Health Insurance and Healthcare
The goal for today’s class is to understand the demand for healthcare and health insurance, as well as the complexities of health insurance choice. Focus areas and selected papers for this class are listed below.
Demand for Healthcare and Health Insurance: The RAND and Oregon Experiments
The RAND Health Insurance Experiment (HIE) was conducted between 1974 and 1982 and was one of the largest and most comprehensive studies of its time, randomly assigning families to different health insurance plans with varying levels of cost-sharing to assess the impact on healthcare utilization and outcomes. In a more recent experiment, a limited number of Medicaid slots were allocated through a lottery to low-income adults in Oregon. This lottery system essentially created a randomized controlled experiment, allowing the researchers to compare outcomes between those who received Medicaid coverage and those who did not. We’ll discuss the RAND HI via Aron-Dine, Einav, and Finkelstein (2013), and we’ll discuss the Oregon Medicaid experiment with Finkelstein et al. (2012).
Complexities of Health Insurance Choice
There are many papers examining the presence and effects of poor decision making in health insurance choice. As examples of these papers, we’ll discuss Abaluck and Gruber (2011), Jonathan D. Ketcham et al. (2012), Jonathan D. Ketcham, Kuminoff, and Powers (2016) and Abaluck and Gruber (2016). The authors show that many people make suboptimal choices when selecting health insurance plans, and the papers essentially debate the source of this “poor” decision making and the scope of improvment from government intervention. These papers collectively speak to the importance of understanding how people make decisions in health insurance markets, and the implications for designing policies that can improve outcomes and best match people to health insurance plans.
Improving Health Insurance Choice
Building off the literature documenting poor health insurance choices, the natural policy question is whether we can improve health insurance choices at relatively low cost. This is a difficult question to answer, as it requires a clear understanding of why people make poor choices. We’ll discuss Brot-Goldberg et al. (2023) as an example of research in this area.

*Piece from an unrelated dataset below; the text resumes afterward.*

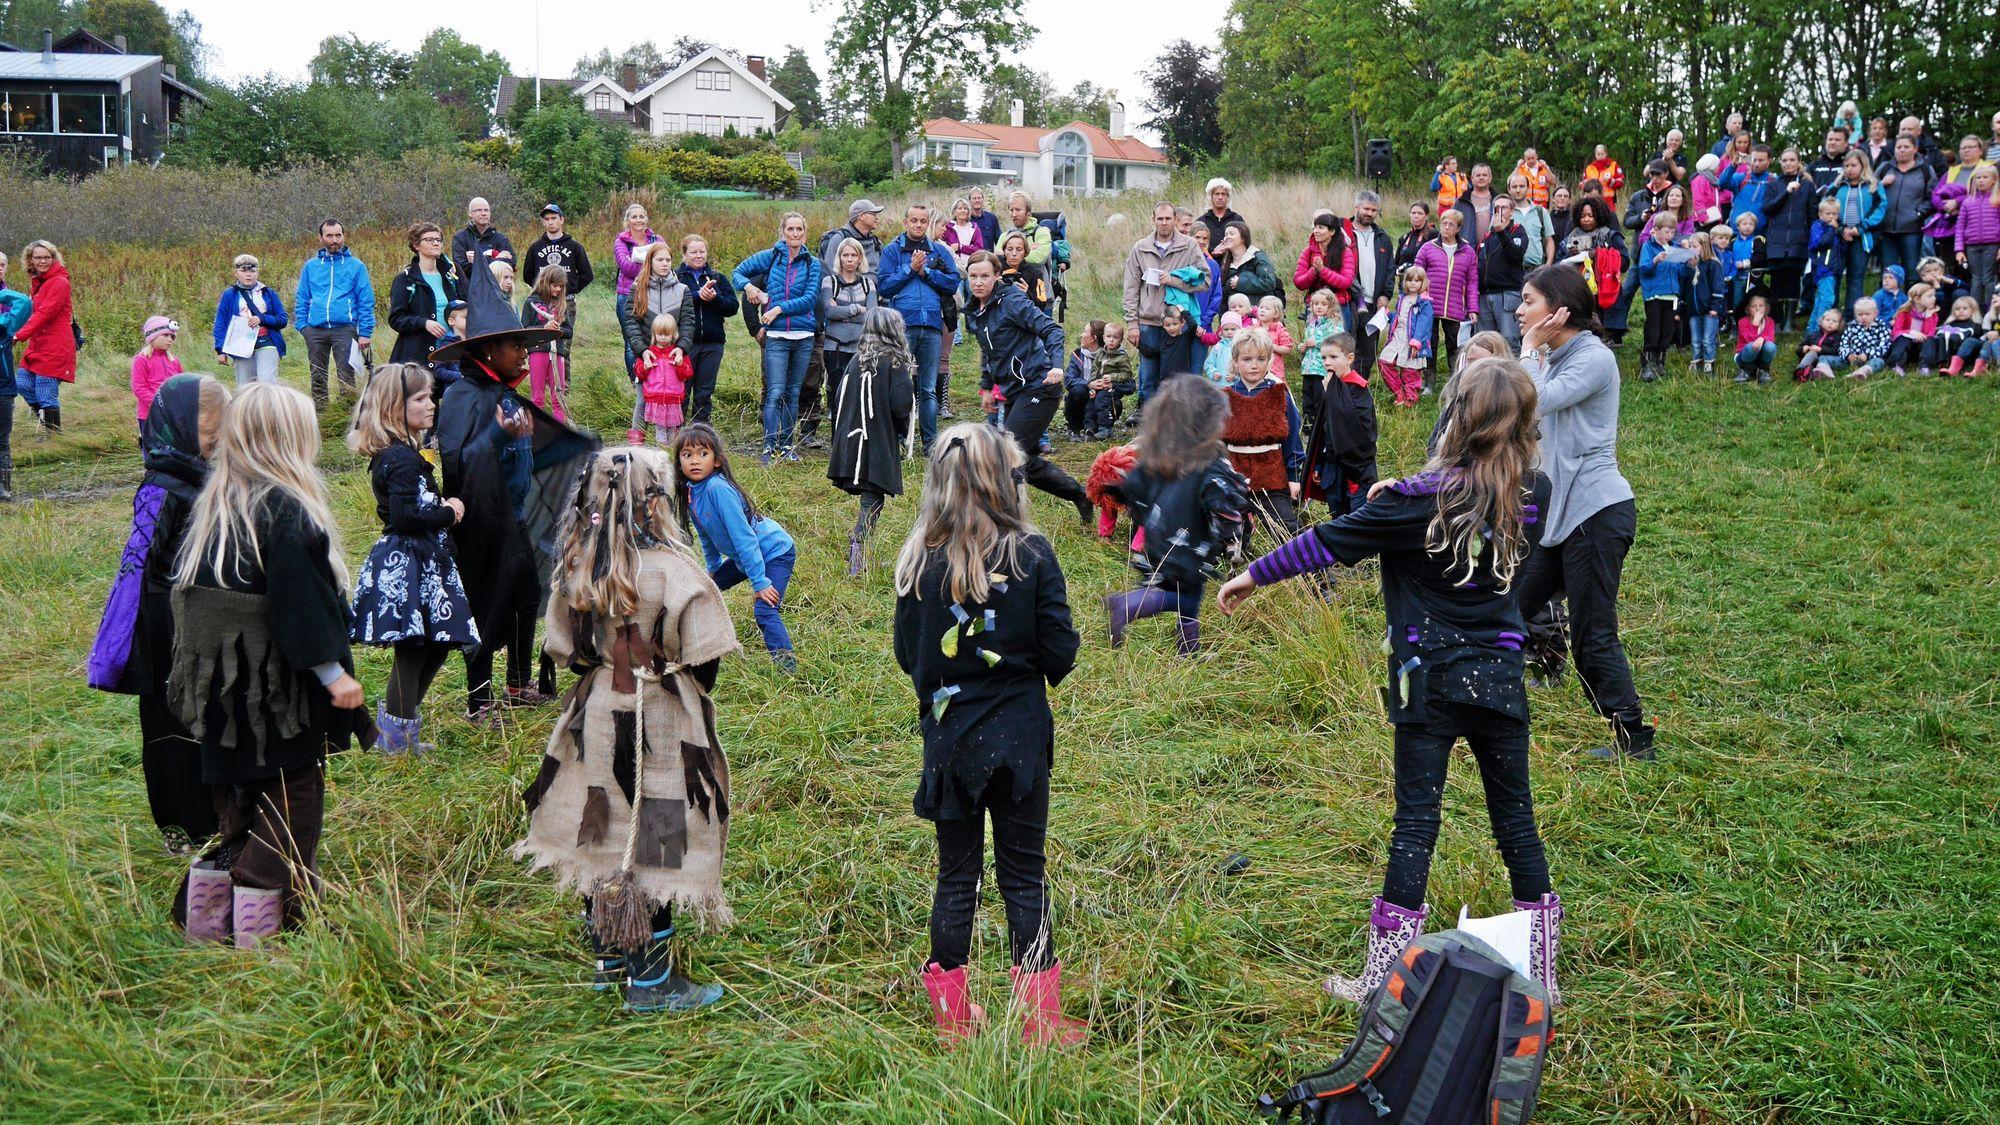 EVENTYRLIG: Alle elsker Eventyrfestivalen, og det blir eventyrlig stemning i skogen i år også.

This paper leverages two natural experiments to study the impact of default options in public drug insurance for low-income elderly in the U.S. The study finds that default plan selections significantly influence plan enrollment and drug utilization, with 96% of beneficiaries following an exogenously changed default. The paper proposes a general framework for choice under costly cognition, suggesting that both paternalistic defaults (steering consumers to suitable plans) and ‘shocking’ defaults (triggering active choices) could be optimal, depending on a key parameter: the elasticity of active choice propensity relative to the default value. However, they find this elasticity to be close to zero, indicating minimal active choice difference between beneficiaries assigned to well-matched vs. poorly-matched defaults. The study also shows that poorly-matched defaults lead to significant declines in drug consumption, suggesting that the welfare losses from following these defaults likely outweigh any potential gains from induced active choices. A third natural experiment reveals that the limited active choice observed seems largely random, driven by transient attentional shifts within beneficiaries. The results highlight the importance of paternalistic defaults in insurance market design, likely benefiting beneficiaries more than harming them.